_Brief:_ When the line containing "Volt casino review" is found in the data below, copy it and each line after it through the line containing "Sharon Beshenivsky Partner", exactly and with no others.

::: Data

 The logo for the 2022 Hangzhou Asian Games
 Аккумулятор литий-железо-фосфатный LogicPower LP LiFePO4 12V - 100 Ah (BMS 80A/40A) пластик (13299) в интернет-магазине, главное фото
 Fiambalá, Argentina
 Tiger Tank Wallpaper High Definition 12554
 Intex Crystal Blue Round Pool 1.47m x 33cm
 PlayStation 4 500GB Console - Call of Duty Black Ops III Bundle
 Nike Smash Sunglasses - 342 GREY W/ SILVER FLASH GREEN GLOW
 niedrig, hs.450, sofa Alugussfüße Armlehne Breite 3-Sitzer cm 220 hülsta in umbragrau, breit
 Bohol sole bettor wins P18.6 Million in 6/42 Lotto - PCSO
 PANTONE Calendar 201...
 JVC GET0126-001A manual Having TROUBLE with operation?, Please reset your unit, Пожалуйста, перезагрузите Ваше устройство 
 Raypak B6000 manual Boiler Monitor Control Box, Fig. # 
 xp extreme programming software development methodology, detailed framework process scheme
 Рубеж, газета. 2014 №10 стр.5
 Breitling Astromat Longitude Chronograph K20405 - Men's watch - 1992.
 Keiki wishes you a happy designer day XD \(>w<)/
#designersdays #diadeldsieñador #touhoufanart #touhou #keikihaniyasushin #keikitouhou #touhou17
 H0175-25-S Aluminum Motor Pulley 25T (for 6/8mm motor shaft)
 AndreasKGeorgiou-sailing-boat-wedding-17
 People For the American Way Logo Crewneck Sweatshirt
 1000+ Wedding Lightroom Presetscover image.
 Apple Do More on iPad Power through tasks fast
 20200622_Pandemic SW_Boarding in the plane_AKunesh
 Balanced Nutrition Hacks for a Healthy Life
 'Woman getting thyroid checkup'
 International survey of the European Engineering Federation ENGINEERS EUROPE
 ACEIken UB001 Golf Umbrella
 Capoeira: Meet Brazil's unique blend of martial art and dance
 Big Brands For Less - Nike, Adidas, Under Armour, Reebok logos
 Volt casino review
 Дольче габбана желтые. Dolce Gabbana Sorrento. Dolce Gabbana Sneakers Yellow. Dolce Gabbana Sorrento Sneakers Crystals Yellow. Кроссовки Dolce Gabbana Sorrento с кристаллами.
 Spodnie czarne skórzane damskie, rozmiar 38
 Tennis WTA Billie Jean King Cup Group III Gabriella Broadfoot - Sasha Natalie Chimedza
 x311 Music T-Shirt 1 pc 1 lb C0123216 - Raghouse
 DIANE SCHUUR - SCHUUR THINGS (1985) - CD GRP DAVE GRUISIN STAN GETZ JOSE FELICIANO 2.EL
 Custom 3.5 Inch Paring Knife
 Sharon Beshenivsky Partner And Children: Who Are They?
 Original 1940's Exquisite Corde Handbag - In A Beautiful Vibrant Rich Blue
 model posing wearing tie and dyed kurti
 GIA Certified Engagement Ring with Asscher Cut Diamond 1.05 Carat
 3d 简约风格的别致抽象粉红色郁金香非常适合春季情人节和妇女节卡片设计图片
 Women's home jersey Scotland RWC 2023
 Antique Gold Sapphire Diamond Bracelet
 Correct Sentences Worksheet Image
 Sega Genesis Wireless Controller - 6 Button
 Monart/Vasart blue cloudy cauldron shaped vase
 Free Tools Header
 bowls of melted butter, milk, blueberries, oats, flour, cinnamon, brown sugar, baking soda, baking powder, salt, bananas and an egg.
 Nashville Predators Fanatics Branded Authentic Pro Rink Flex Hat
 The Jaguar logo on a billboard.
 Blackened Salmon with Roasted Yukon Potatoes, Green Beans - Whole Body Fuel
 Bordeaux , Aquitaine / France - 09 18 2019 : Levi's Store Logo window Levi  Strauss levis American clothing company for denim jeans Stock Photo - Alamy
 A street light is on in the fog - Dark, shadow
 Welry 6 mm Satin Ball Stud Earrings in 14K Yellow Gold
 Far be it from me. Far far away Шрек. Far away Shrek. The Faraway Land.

::::::

_Exercise output:_
 Volt casino review
 Дольче габбана желтые. Dolce Gabbana Sorrento. Dolce Gabbana Sneakers Yellow. Dolce Gabbana Sorrento Sneakers Crystals Yellow. Кроссовки Dolce Gabbana Sorrento с кристаллами.
 Spodnie czarne skórzane damskie, rozmiar 38
 Tennis WTA Billie Jean King Cup Group III Gabriella Broadfoot - Sasha Natalie Chimedza
 x311 Music T-Shirt 1 pc 1 lb C0123216 - Raghouse
 DIANE SCHUUR - SCHUUR THINGS (1985) - CD GRP DAVE GRUISIN STAN GETZ JOSE FELICIANO 2.EL
 Custom 3.5 Inch Paring Knife
 Sharon Beshenivsky Partner And Children: Who Are They?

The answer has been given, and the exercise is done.